Work instructions: Can you transcribe the data exactly? Leave the pictures out.

Data excerpt:

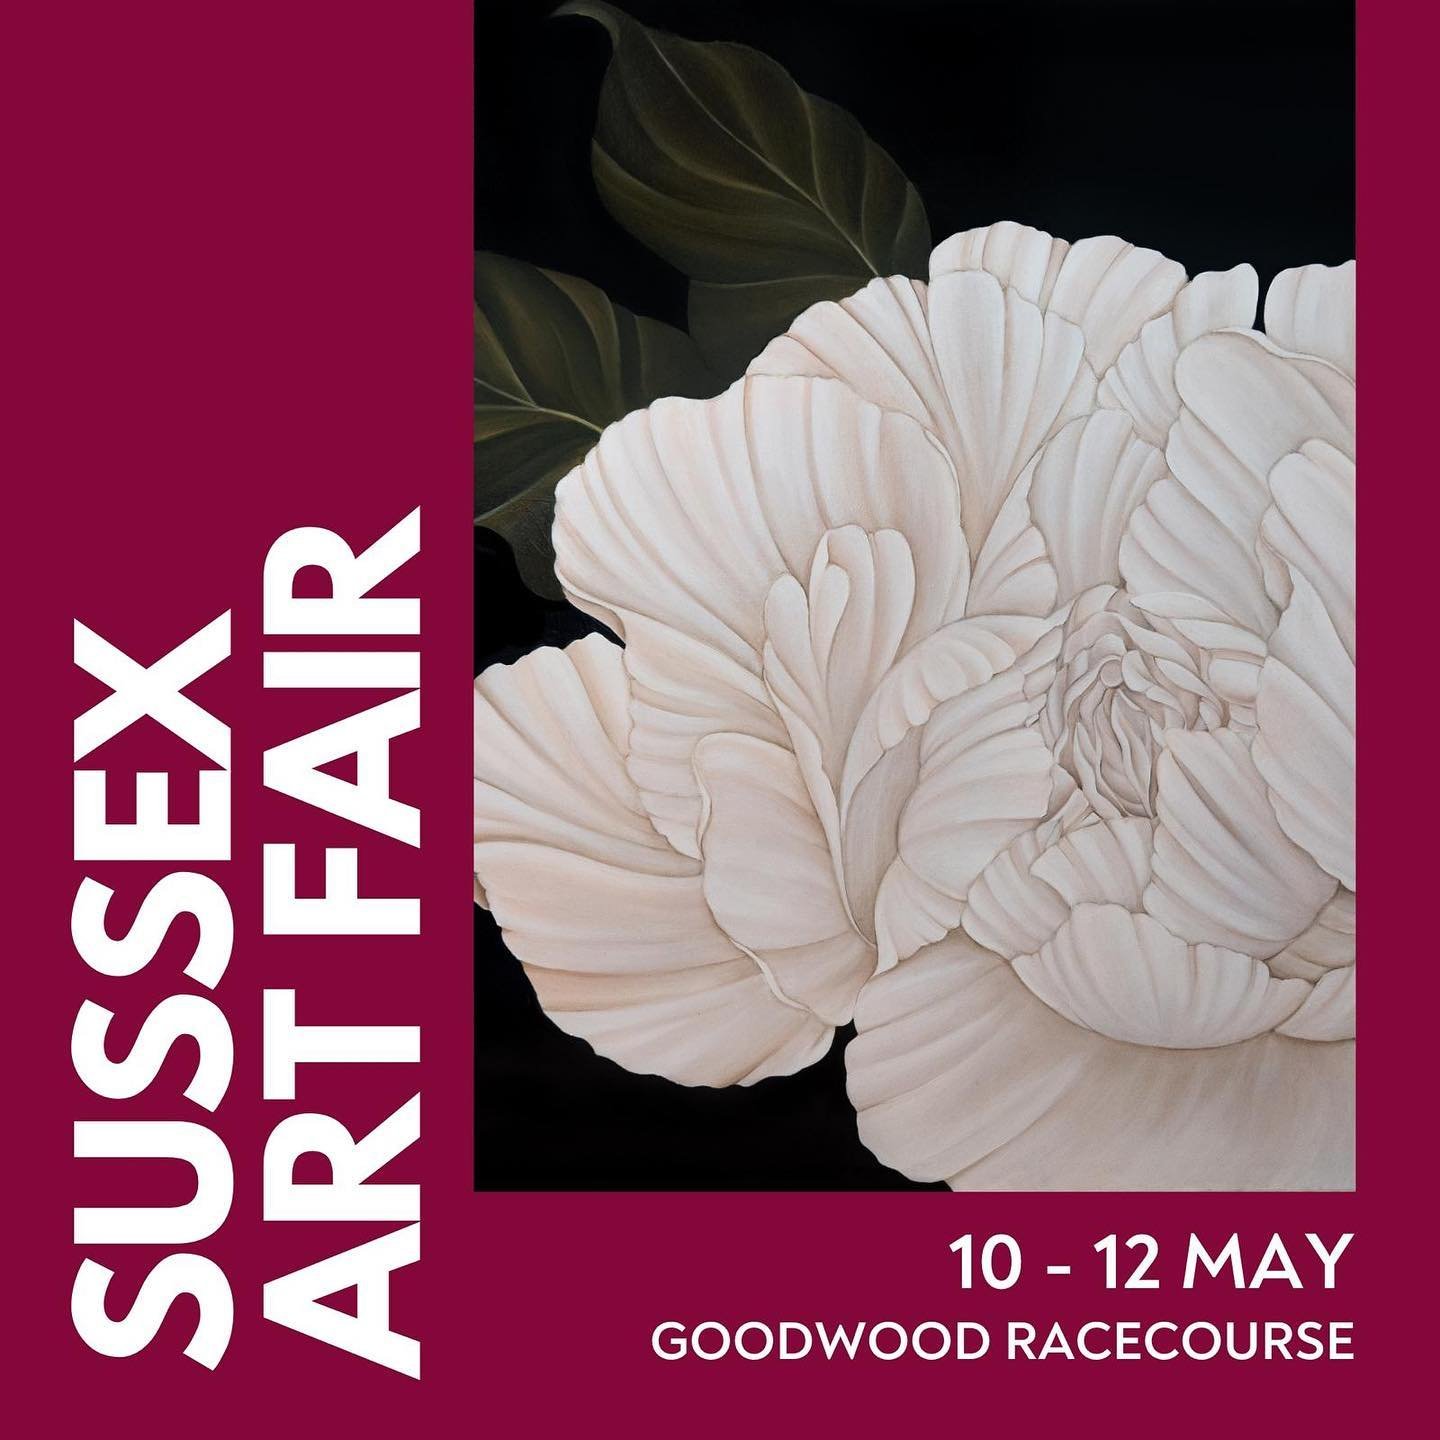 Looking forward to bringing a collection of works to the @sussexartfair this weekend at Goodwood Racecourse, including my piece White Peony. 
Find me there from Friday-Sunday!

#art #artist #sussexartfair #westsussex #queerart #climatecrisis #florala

Answer box:
 Looking forward to bringing a collection of works to the @sussexartfair this weekend at Goodwood Racecourse, including my piece White Peony. 
Find me there from Friday-Sunday!

#art #artist #sussexartfair #westsussex #queerart #climatecrisis #florala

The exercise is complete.